# creepiest kids cartoon ever.



## Dr Morbius (Sep 21, 2004)

Surfing around Youtube, came across this. Very disturbing not sure it's made for kids but does anyone know what show this is from?


----------



## Terrormaster (Sep 27, 2007)

Disturbing as a kids film yes - but adults, I absolutely love it. Wicked!

-TM


----------



## Dr Morbius (Sep 21, 2004)

I found it..it's from "The Adventures of Mark Twain" 1985 in particular this is based on one of Twains stories "Diary of Adam and Eve"...Twisted guy Twain 'twas.


----------



## Terrormaster (Sep 27, 2007)

I've heard of that - wonder if my library has it... 

-TM


----------



## GothicCandle (Mar 26, 2007)

that is... realllllllly weird. cool!


----------



## tcarter (Aug 18, 2006)

the clay character style looks familiar. If it's what I think it was, it was quite popular in the 1980s. Same people who did the California raisin commercials for Hardees about that time.


----------



## Lilly (Jun 13, 2006)

that was strange....

he didnt have to kill the dog though


----------



## Otaku (Dec 3, 2004)

It's from a part of "The Mysterious Stranger", one of Twain's most cynical works.


----------



## sharpobject (May 7, 2008)

very impressive claymation.


----------



## marcus132 (Oct 18, 2007)

Dr Morbius said:


> I found it..it's from "The Adventures of Mark Twain" 1985 in particular this is based on one of Twains stories "Diary of Adam and Eve"...Twisted guy Twain 'twas.


You are correct, sir.

It's available on Netflix if anyone wants to check it out.


----------



## Dr Morbius (Sep 21, 2004)

Otaku said:


> It's from a part of "The Mysterious Stranger", one of Twain's most cynical works.

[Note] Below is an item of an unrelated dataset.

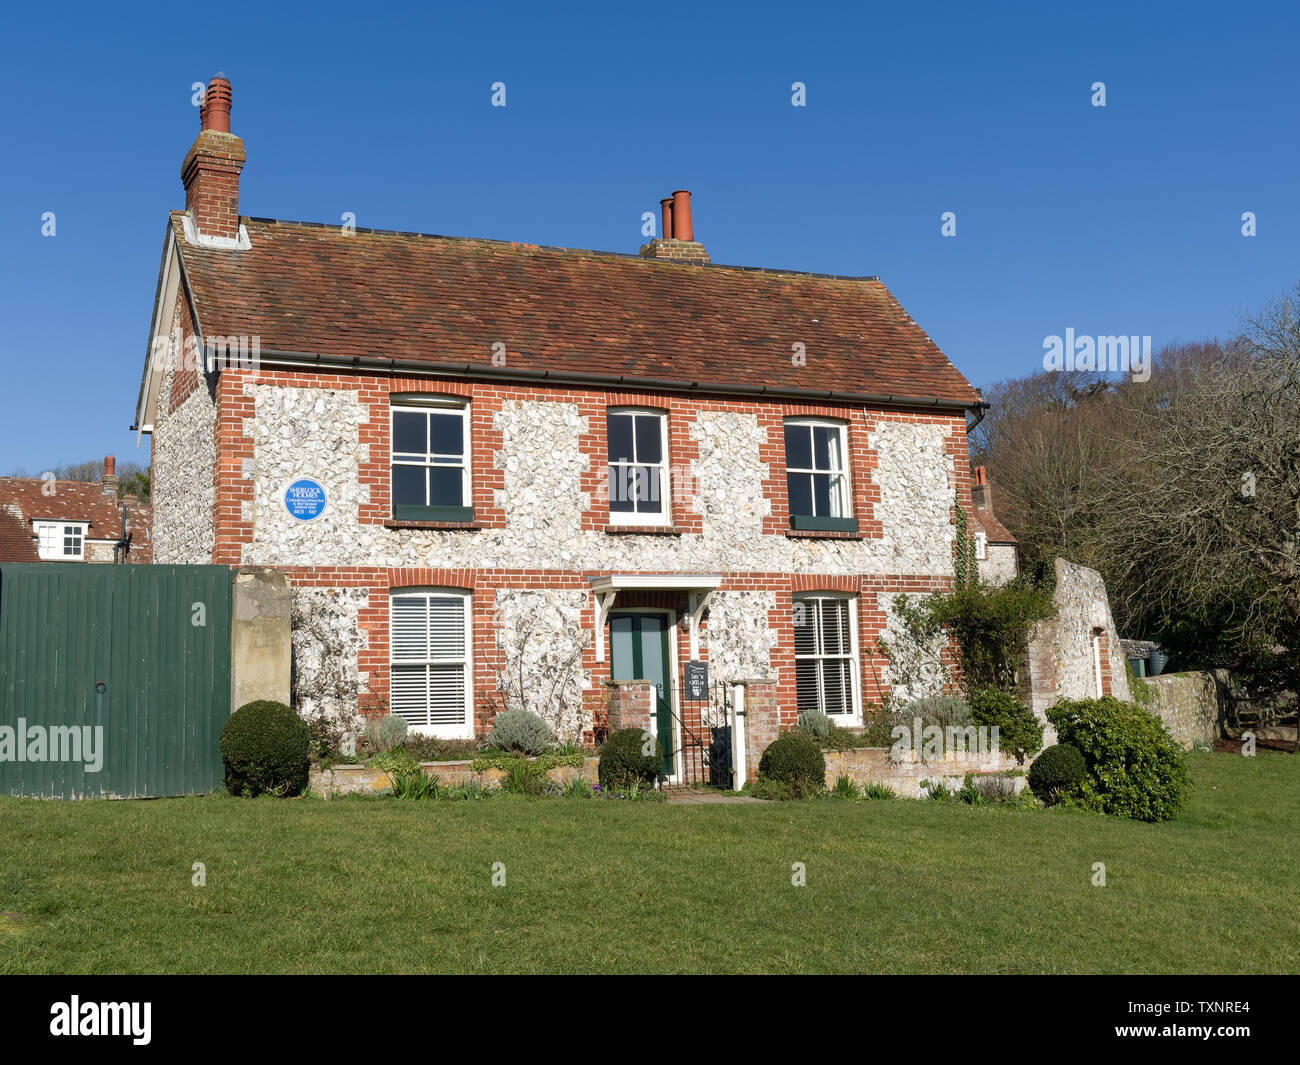 Maison de retraite de Sherlock Holmes sur le village vert à East Dean près d'Eastbourne, East Sussex, Royaume-Uni. Banque D'Images
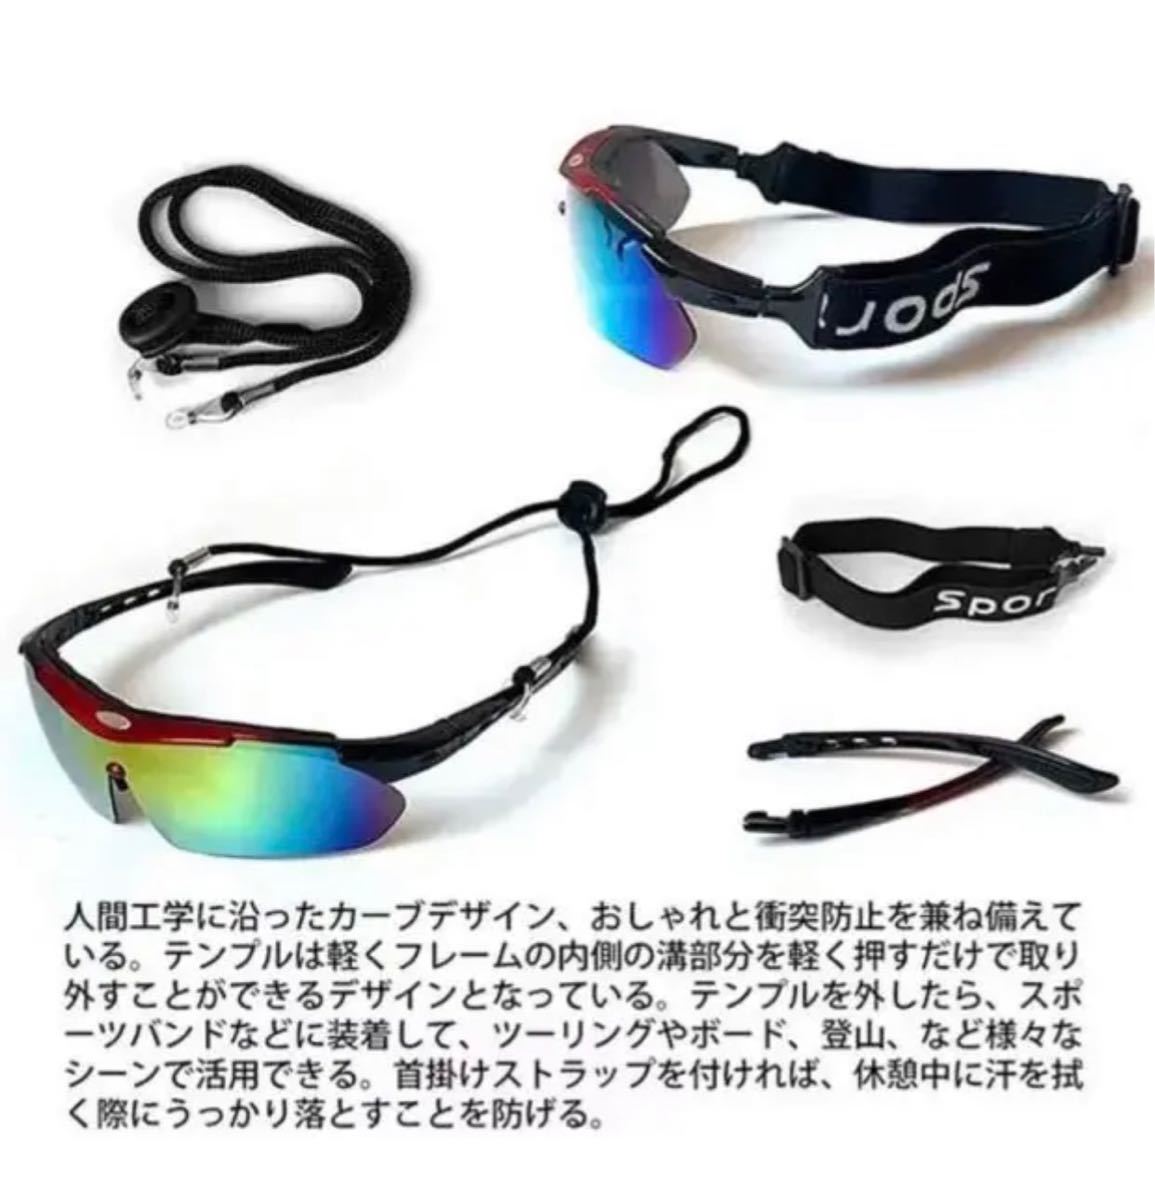 新品偏光レンズ スポーツサングラス フルセット専用交換レンズ5枚 メンズ レディース

I stand corrected, thanks Otaku! Cynical....more like downright pessimistic if you ask me. I wonder if he was depressed alot. Not much on Twain history, but it's interesting.


----------



## Big Howlin (Jul 15, 2006)

Super creepy. Its things like this as a child that gave me nightmares. Similar to the Minotaur in the Last Unicorn or the Old Owl in Secret of the Nimh.


----------



## pyro (Oct 7, 2006)

wow i remember that, i used to love watching it-----


----------